Print the whole listing exactly as it appears, but skip the pictures.
(Beginning of Provided data)
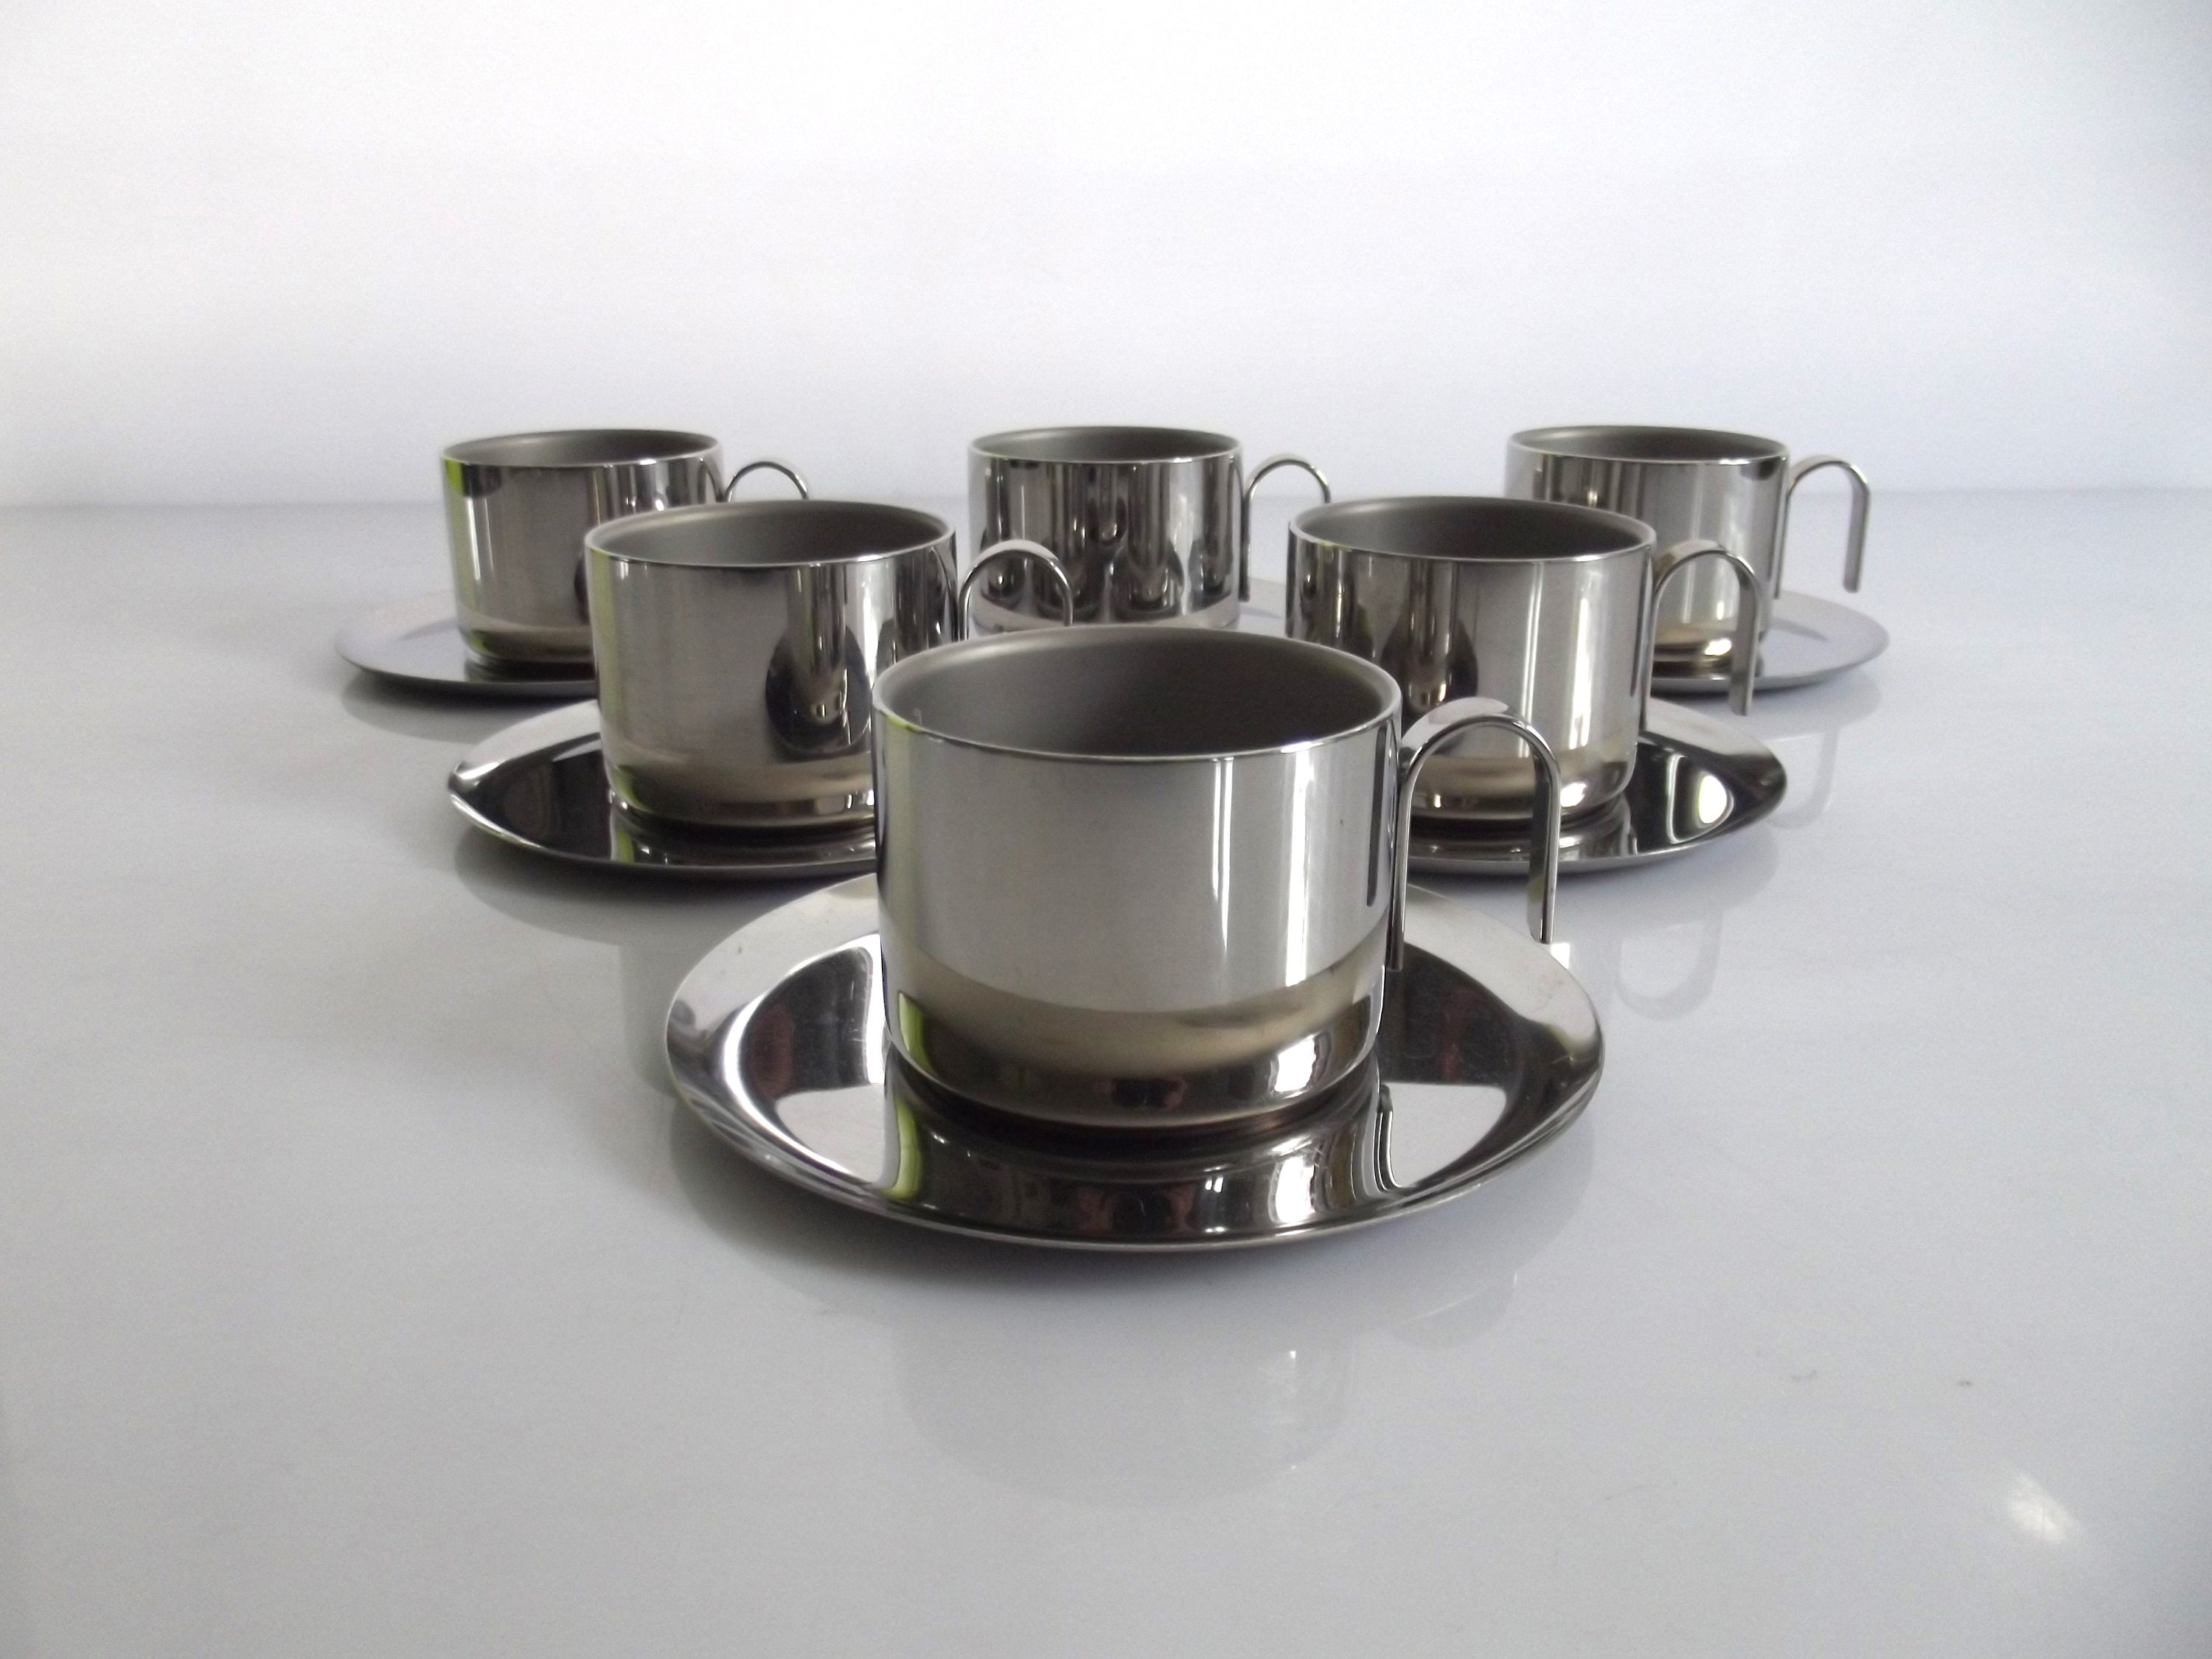 Double Walls Stainless Steel Thermal Coffee Mug Coffee Cup Inox
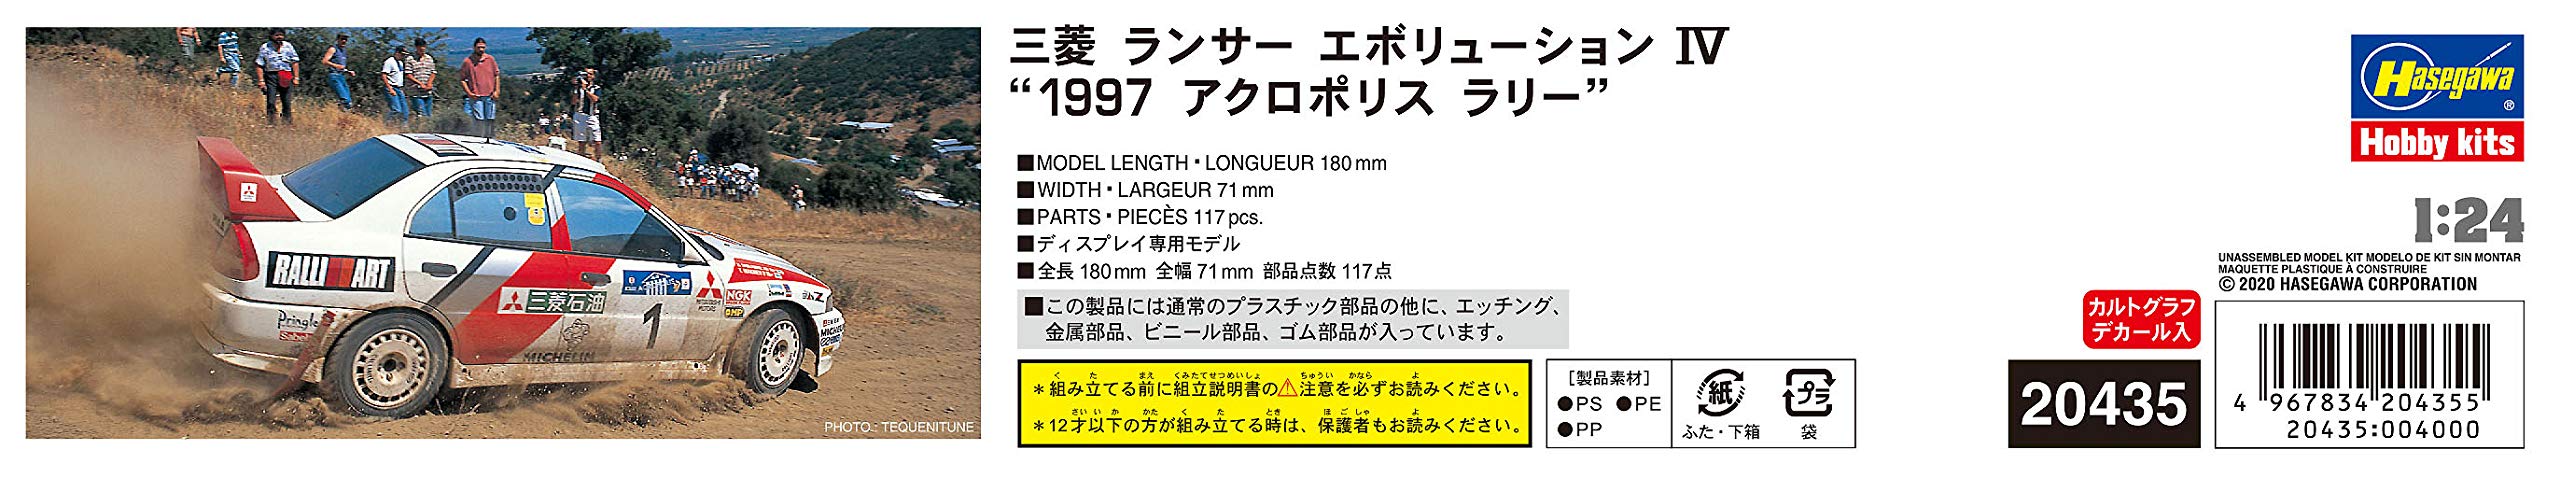 Hasegawa 1/24 Mitsubishi Lancer Evolution IV 1997 Acropolis Rally Plastic Model Toy
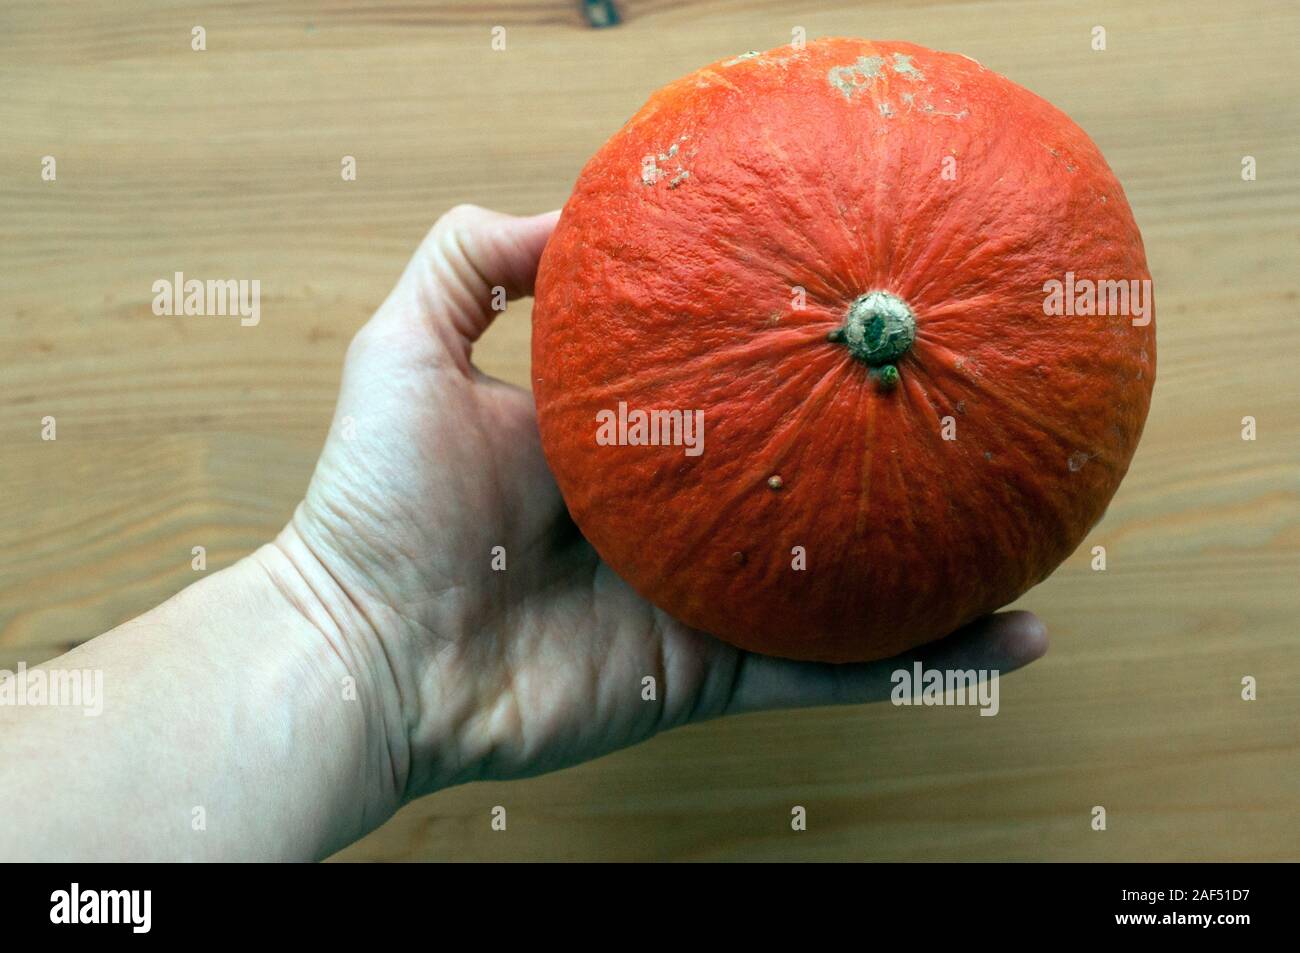 Hand holding a small orange pumpkin. Eating seasonal vegetables in autumn. Stock Photo
(End of Provided data)
- _Your response_:
 Double Walls Stainless Steel Thermal Coffee Mug Coffee Cup Inox
 Hasegawa 1/24 Mitsubishi Lancer Evolution IV 1997 Acropolis Rally Plastic Model Toy
 Hand holding a small orange pumpkin. Eating seasonal vegetables in autumn. Stock Photo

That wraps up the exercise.